Petani Nahdliyin Urai Masalah Sawah Tadah Hujan, Pupuk Bersubsidi, hingga Musdesus
Jumat, 15 Januari 2021 | 14:00 WIB
Indramayu, NU Online Jabar
Ketua kelompok tani Sri Asih, Darmin, mengungkapkan bahwa akar masalah langkanya pupuk bukan melulu soal rencana definitif kebutuhan kelompok (RDKK), tapi bahwa petani di wilayah yang mengandalkan curah hujan atau tadah hujan berbeda dengan yang menggunakan irigasi teknis.
Petani tadah hujan, katanya, memulai masa tanam saat hujan datang. Jika musim hujan dimulai November maka petani secepatnya menanam, jika sudah begitu, maka pemupukan pertama dimulai bisa di bulan November atau Desember.
Jika pemerintah menggunakan skema pengeluaran penggunaan pupuk berdasarkan musim anggaran semisal dimulai Januari-Desember maka tentu skema itu tak akan tepat dengan kebutuhan sebagian petani memulai penanaman di November dan Desember.

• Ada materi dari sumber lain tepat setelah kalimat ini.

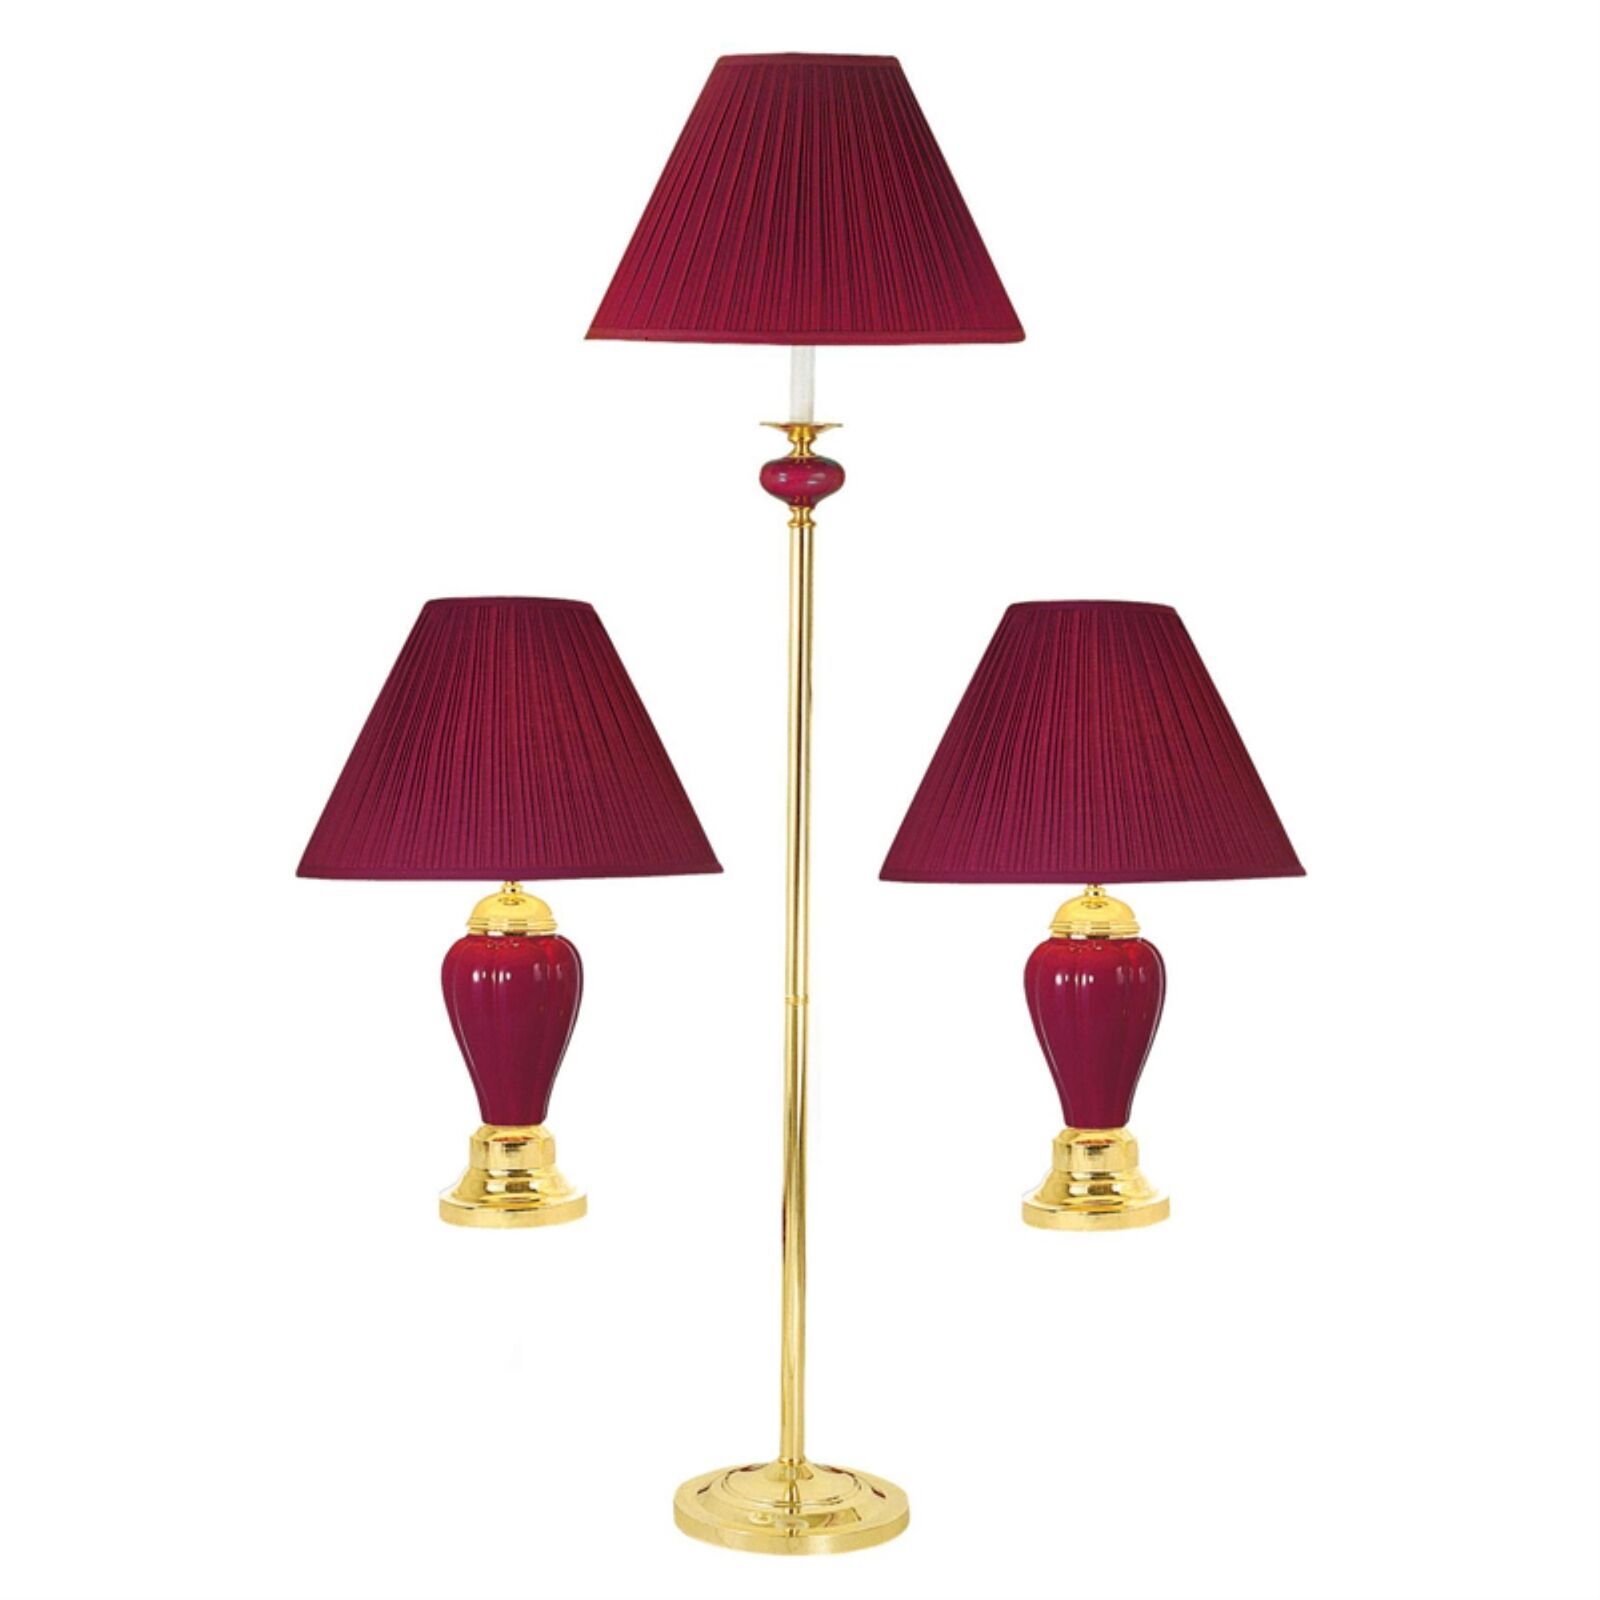 3 Piece Ceramic Lamp Set, Floor And Table Lamps, Burgundy Finish | Ebay Pertaining To 3 Piece Setfloor Lamps (Photo 3 of 15)

“Sebaiknya pemerintah memperhatikan kebutuhan petani yang masih tadah hujan seperti kami. Karena jika subsidi dikeluarkan Januari itu sudah telat,” ungkap petani dari Blok Kebonrandu Desa Sekarmulya, Kecamatan Gabuswetan, Indramayu, Senin, (11/1).
Menurut Darmin, RDKK yang diupdate 2 tahun sekali cenderung kacau karena kelompok tani tidak bisa menampung aspriasi petani secara maksimal. RDKK dimungkinkan kacau juga karena mereka yang menggarap sawah dari luar desa tidak melaporkan ke kelompok tani desa setempat.
“Kelompok tani ini tidak ada gajinya. Jika diperintah untuk mendata petani satu-satu yang menjadi anggotanya tentu berat, dan biasanya abai untuk melaporkan secara detail,” lanjut Nahdliyin jamaah masjid Nurul Huda Desa Sekarmulya ini.
Oleh karena itu, Darmin mengusulkan agar pemerintah melalui tiap-tiap Pemdes membuat musyawarah desa khusus (musdesus) untuk membicarakan soal pertanian. Musdesus itu membicarakan RDKK yang kemudian bisa dipampang di balai desa, kapan awal musim tanam, alokasi pupuk dan problem-problem petani lainnya.
“Petani ini kan yang membuat rakyat bisa makan jangan dibiarkan begitu saja, jika soal pembangunan fisik dibicarakan di Musdes ya sebaiknya soal yang berhubungan dengan makan juga dibicarakan,” usulnya. “Pemerintah lewat pemerintah desa kan punya anggaran, tentu akan mudah jika Pemdes memfasilitasi adanya musyawarah khusus itu. Jika kami yang mengumpulkan petani, duitnya dari mana soalnya biasanya ada saja beberapa orang yang kalau diundang tanya amplopnya mana,” sambungnya.
Lebih lanjut menurut petani peraih penghargaan dari Kementerian Pertanian tahun 2017 dan Rice Breeder terbaik nasional tahun 2019 ini mengusulkan agar pemerintah memikirkan ketersediaan pupuk wilayah tadah hujan dan wilayah teknis secara terpisah, berdasar musim tanam tidak berdasar tahun anggaran. Karena jika tidak dipisah maka banyak petani tadah hujan yang justru risiko gagalnya besar justru tak mendapatkan keringanan subsidi.
Sebaiknya menurut Darmin pemerintah betul-betul memikirkan mereka yang butuh bantuan, bukan membantu sesuatu yang justru sudah tidak dibutuhkan. Membeli pupuk subsidi sementara tanaman sudah selesai dipupuk itu justru menambah pengeluaran petani yang kadang modalnya juga dari berutang.